Crash of kernel function with an array of device pointers as a parameter Unknown error after kernel

sirotenko · October 24, 2011, 4:19pm

I’ve spent about a day trying to understand what is wrong with my kernel function, but have no idea.

Initially I had quite long and complicated function. I was trying to localize error, but I couldn’t. Changes in different parts of it sometimes lead to no error. But there were no logic in it.

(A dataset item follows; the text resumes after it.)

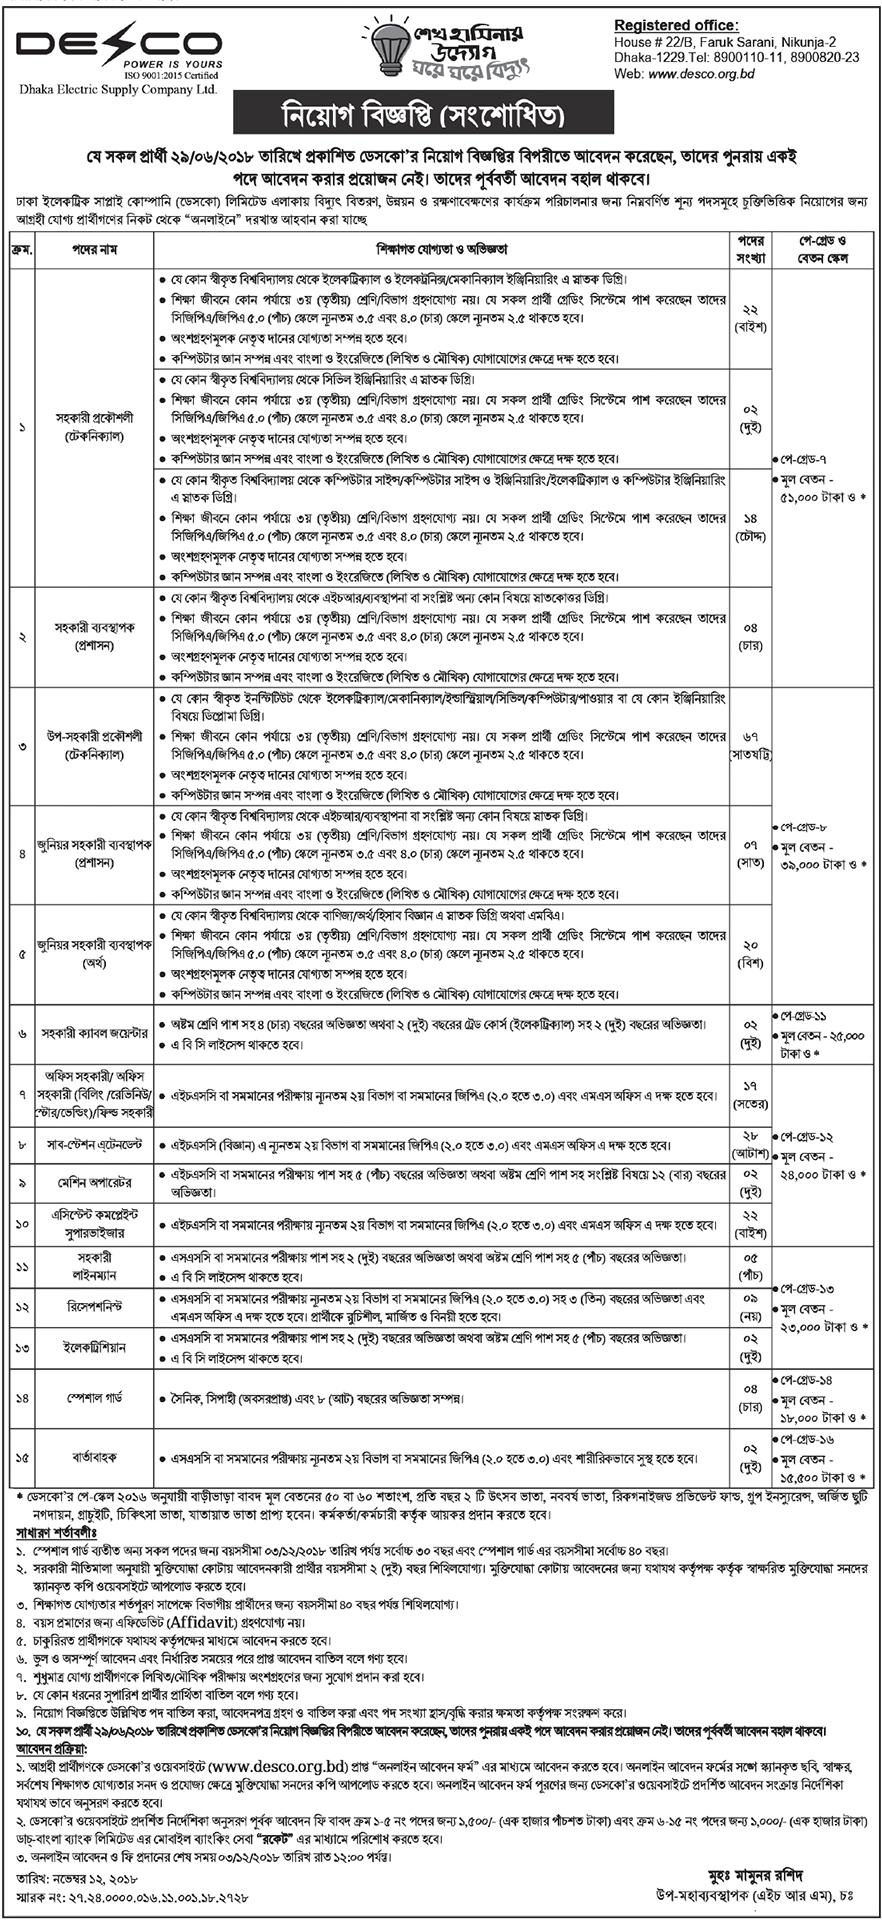 Dhaka Electric Supply Company Limited (DESCO) Job Circular 2018

After several hours of relaunching I’ve cut of everithing except those parts which keeps this kernel crash. Here it is:

#include <stdio.h>

__global__ void Kernel(float** nww, unsigned nww_w, unsigned nww_h, float tau) 

{

	unsigned c = __umul24(blockIdx.x, blockDim.x) + threadIdx.x;

	unsigned r = __umul24(blockIdx.y, blockDim.y) + threadIdx.y;

	if ((c < nww_w) && (r < nww_h)) {

		float  actw = 0;

		double lambda[2];

		double bestF = 10;

		double fdw(0);

		for (int i = 0; i < 2; ++i)  {

			int k = (i ? 0 : 1);

			int rhoNeg = 0;

			double dw = (rhoNeg ? -tau : tau) * lambda[k];

			double f = i ? 

				dw / (2*tau):

				dw / (2*tau);

			fdw = dw; 

			bestF = f;					

		}

		if (bestF < 10)		{

			actw = float(fdw);

		}

		nww[r][c] = 2*actw;

	}

}

void TestKernel()

{

	cudaSetDevice(0);

	//===============  Init matrix ====================

	int nHeight = 10;

	int nWidth = 10;

	float* pMatrixLinear = NULL;

	float** pMatrix = NULL;

	cudaMalloc((void**)&pMatrixLinear,nHeight*nWidth*sizeof(float));

	cudaMemset(pMatrixLinear, 0, nHeight*nWidth*sizeof(float));

	cudaMalloc((void**)&pMatrix,nHeight*sizeof(float*));

	float** tmpArray = new float*[nHeight];

	//Just assign the pointers to linear memory

	for (int i=0; i<nHeight; i++)	{

		tmpArray[i] = pMatrixLinear + i*nWidth;

	}

	//Copy this pointers to dev memory

	cudaMemcpy(pMatrix, tmpArray, nHeight*sizeof(float*), cudaMemcpyHostToDevice);

	delete[] tmpArray;

	//===============  End of Init matrix ====================

	dim3 blockSize(16, 16, 1);

	dim3 gridSize(1, 1,1);

	float tau = 0.5;

	Kernel<<<gridSize, blockSize>>>(pMatrix, nWidth, nHeight, tau);

	cudaError err;

	err = cudaGetLastError();   

	if(cudaSuccess != err){

		printf("UpdatePrimalKernel failed \n");

		exit(-1);

	}

	err = cudaThreadSynchronize();

	if(cudaSuccess != err){

		printf("cudaThreadSynchronize() failed \n");

		printf(cudaGetErrorString( err));

		printf("\n");

		exit(-1);

	}

	cudaFree(pMatrixLinear);

	cudaFree(pMatrix);

}

Output:

cudaThreadSynchronize() failed

unknown error

Press any key to continue . . .

I’ve attached this cu file for convenience. I’m using CUDA Toolkit ver 4.0.17, Win 7 64, Quadro 5000 and GeForce GTX 480 (tried on both).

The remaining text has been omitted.